Femoral head samples were collected from patients suffering from various bone diseases, 6 samples have been investigated. Thin bone slices (3 μm thick) were measured with high resolution synchrotron micro-X-ray fluorescence (SR micro-XRF) analysis using a beam with dimensions of 500 × 800 nm². The tidemark region was found in all analyzed samples. The Savitzky-Golay filter was used to smooth the measured imaging data and Kaplan-Meier estimation to gain reliable tidemarks medians for Pb and Zn. To our knowledge this was the first time that these methods have been applied to gain information on histological structures obtained by elemental imaging.

Results

The thickness of the Zn and Pb layer ranged from about 3 to 11 μm for Zn and 4–14.5 μm for Pb. Our Zn ratios (TM/matrix) were found to be 1.5-3-fold ratio between Zn tidemark values and in mineralized matrix and are similar in all samples.

Conclusions

The determined thickness of the layer is much smaller than found in previous measurements with the beam having 20 × 14 μm² size. The Zn ratios agree with our previous findings.

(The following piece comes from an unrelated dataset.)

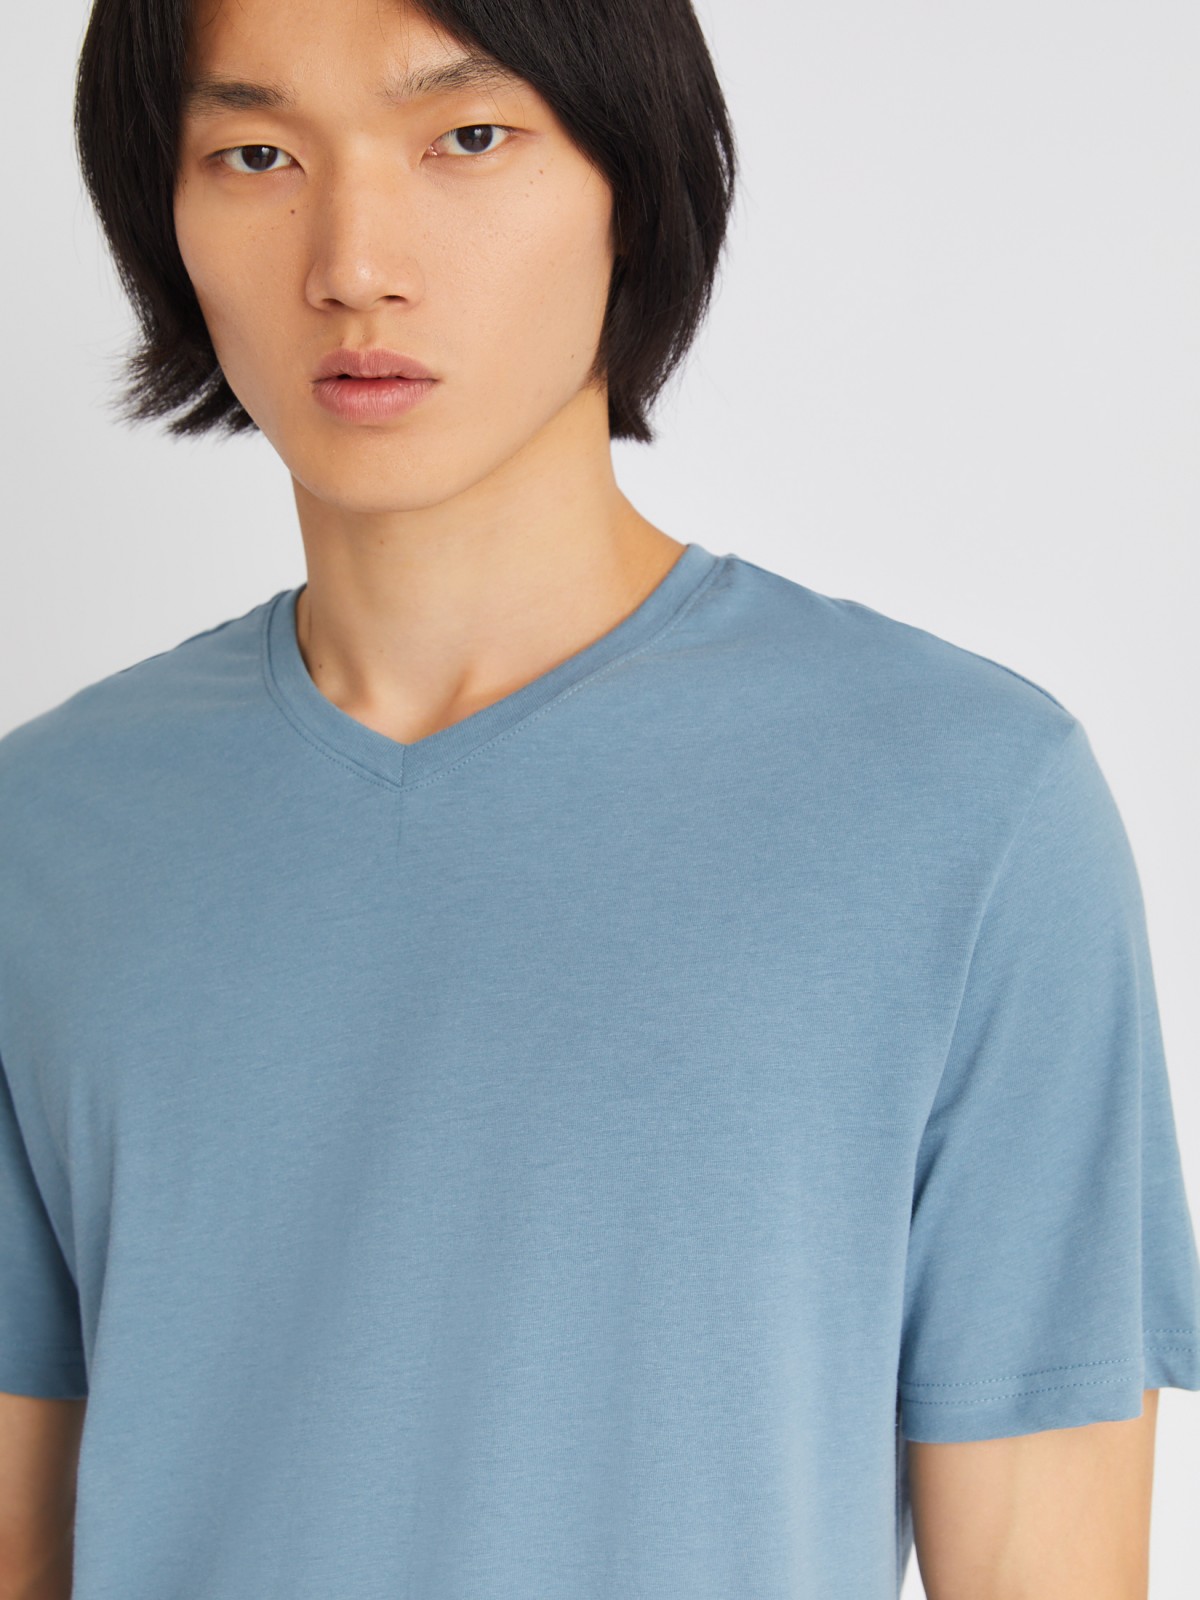 Трикотажная футболка с треугольным вырезом zolla 01331325Q032, цвет голубой, размер XL - фото 5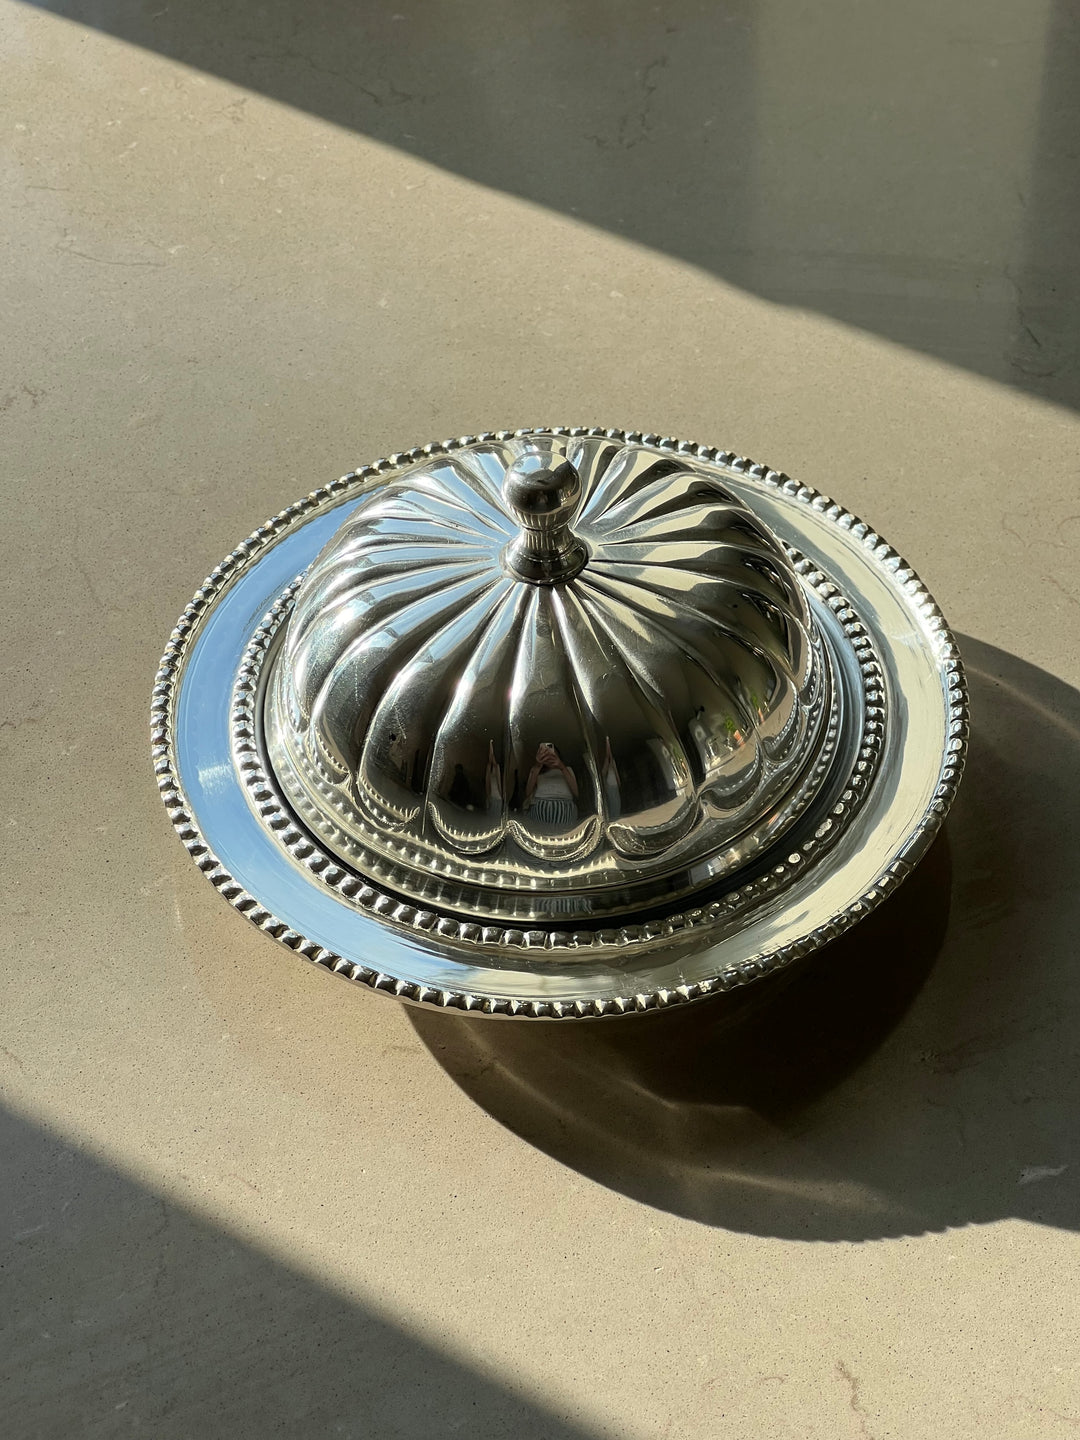 Antik-inspireret Smørskål med låg i sølvbelagt stål Studio Hafnia

Keywords: Tidemark, Zinc, Lead, SR micro-XRF, Elemental imaging

1. Introduction

The tidemark is a narrow zone at the border of non-calcified and calcified articular cartilage and is considered an active or resting calcification front [2]. Double and multiple tidemarks can be observed indicating that new phases of mineralization have started with a new mineralization front, surrounding the old tidemark with newly mineralized cartilage matrix [3]. This banded structure of the cartilage-bone interface is known to undergo changes in osteoarthritis [[4], [5], [6]].

Using synchrotron micro-X-ray fluorescence (SR micro-XRF) measurements with lower resolution (beam size about 20 μm × 14 μm) our group has previously reported that Zn and Pb accumulate in the tidemark region [3,7]. However, as the layer of Zn and Pb accumulation was suspected to be thinner than the diameters of the used X-ray beams, the true local concentrations would be underestimated.

For this reason, sub-micrometer resolution techniques were applied to gain a better insight into the accumulation of Zn and Pb in the tidemark, its structure and different element levels compared to the mineralized cartilage. The elemental distribution in thin bone samples from 5 different patients was measured.

2. Materials and methods

The study was approved by the ethics committee of the Medical University of Vienna, Austria and was done in accordance with the Helsinki Declaration.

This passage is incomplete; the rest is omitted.